What to expect in the future
However, the field of biopharmaceutical development extends beyond just Moderna and RNA-based products. Each year, new treatments emerge utilizing both traditional approaches, such as low molecular weight substances and antibodies, as well as cutting-edge technologies like gene and cell therapy, or Zolgensma. These therapies have the potential to cure previously untreatable diseases, but they remain expensive and niche products for rare diseases, often costing millions of dollars. Thousands of developments are underway for more common diseases like autoimmune and cardiovascular diseases, among others, and it is likely that some of these will prove successful by 2030. However, it is unlikely that the issues surrounding cancer, autoimmune diseases, and infectious diseases will be fully resolved in the next seven years.
New therapies have the potential to cure previously untreatable diseases, but they remain expensive and niche products for rare diseases
Regrettably, the cost of new developments is very high, ranging from tens to hundreds of thousands of dollars, and in some cases even millions, making them unaffordable for people in developing countries. However, these countries have more pressing issues such as hunger, lack of access to clean water, and infectious diseases. We can only hope that as these pressing issues are addressed, the cost of new developments will decrease and become more accessible to everyone, similar to the way antibiotics were initially expensive but became more affordable over time.

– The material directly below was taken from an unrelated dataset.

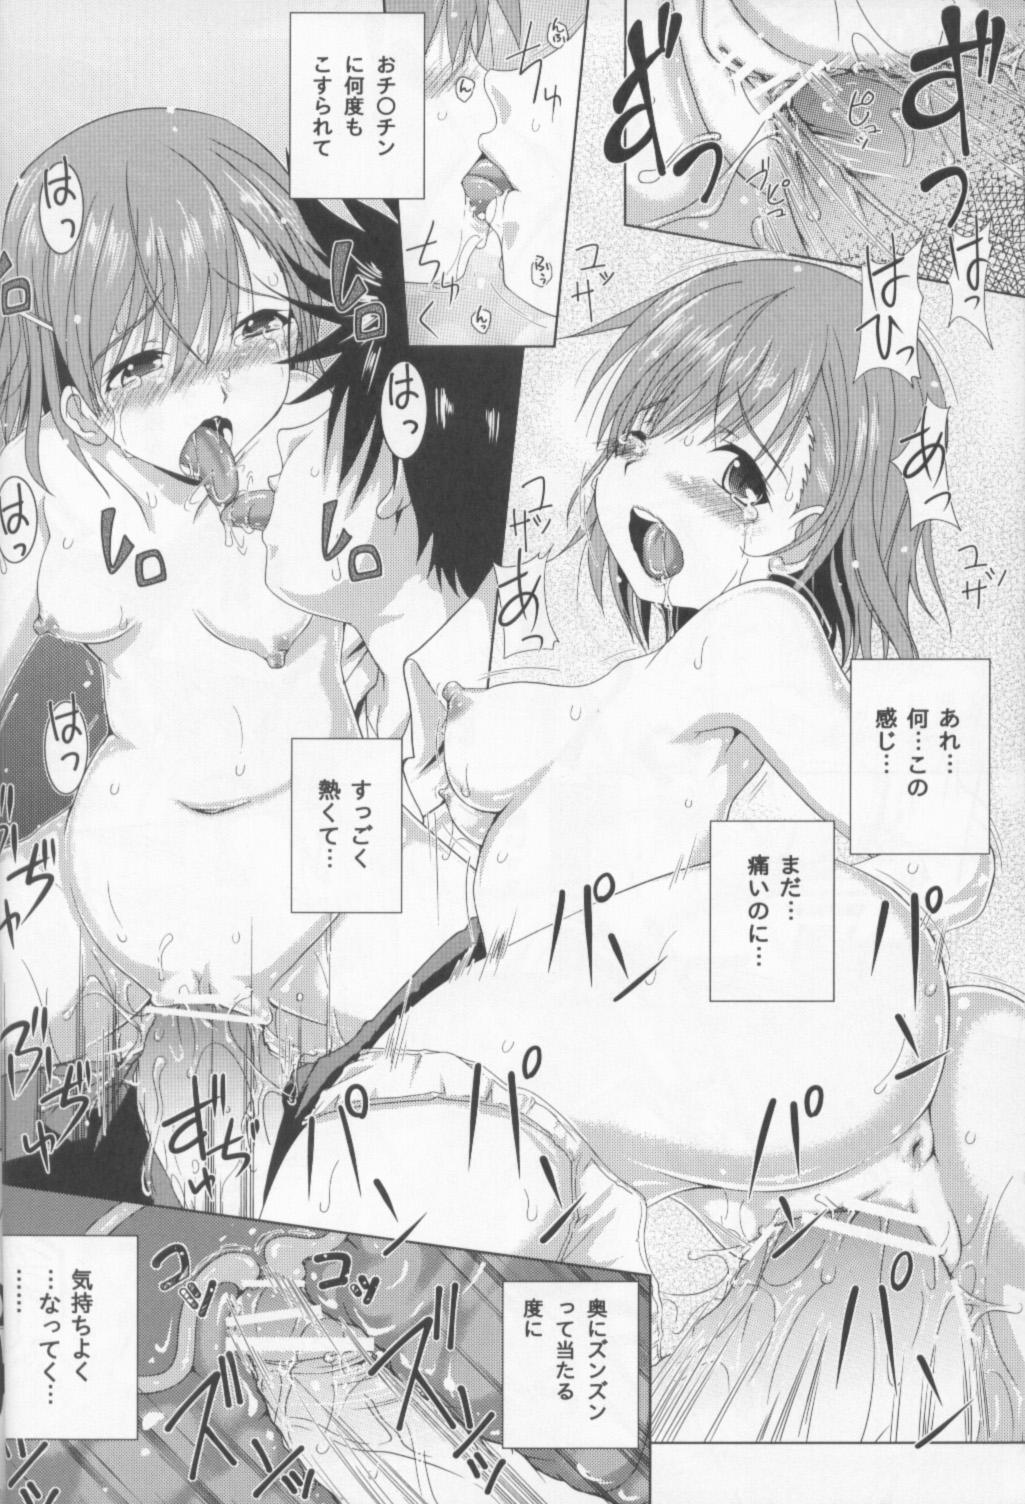 Toaru Yumemiru Level 5 14

So, it is possible that the director of Moderna is doing this interview as part of a PR campaign to generate public and investor interest, particularly in light of declining COVID vaccine sales. While the public may quickly forget the details of Burton's promises, the interview is likely to generate immediate attention. Moderna's CEO, Stephane Bancel, has recently testified before the U.S. Congress to defend the company's pricing policies and the broader pharmaceutical industry. This is an important mission as politicians and the public are quick to criticize pharmaceutical companies, despite their role in saving millions of lives during the pandemic and developing new drugs. However, some may view Burton's statements as lacking in professionalism.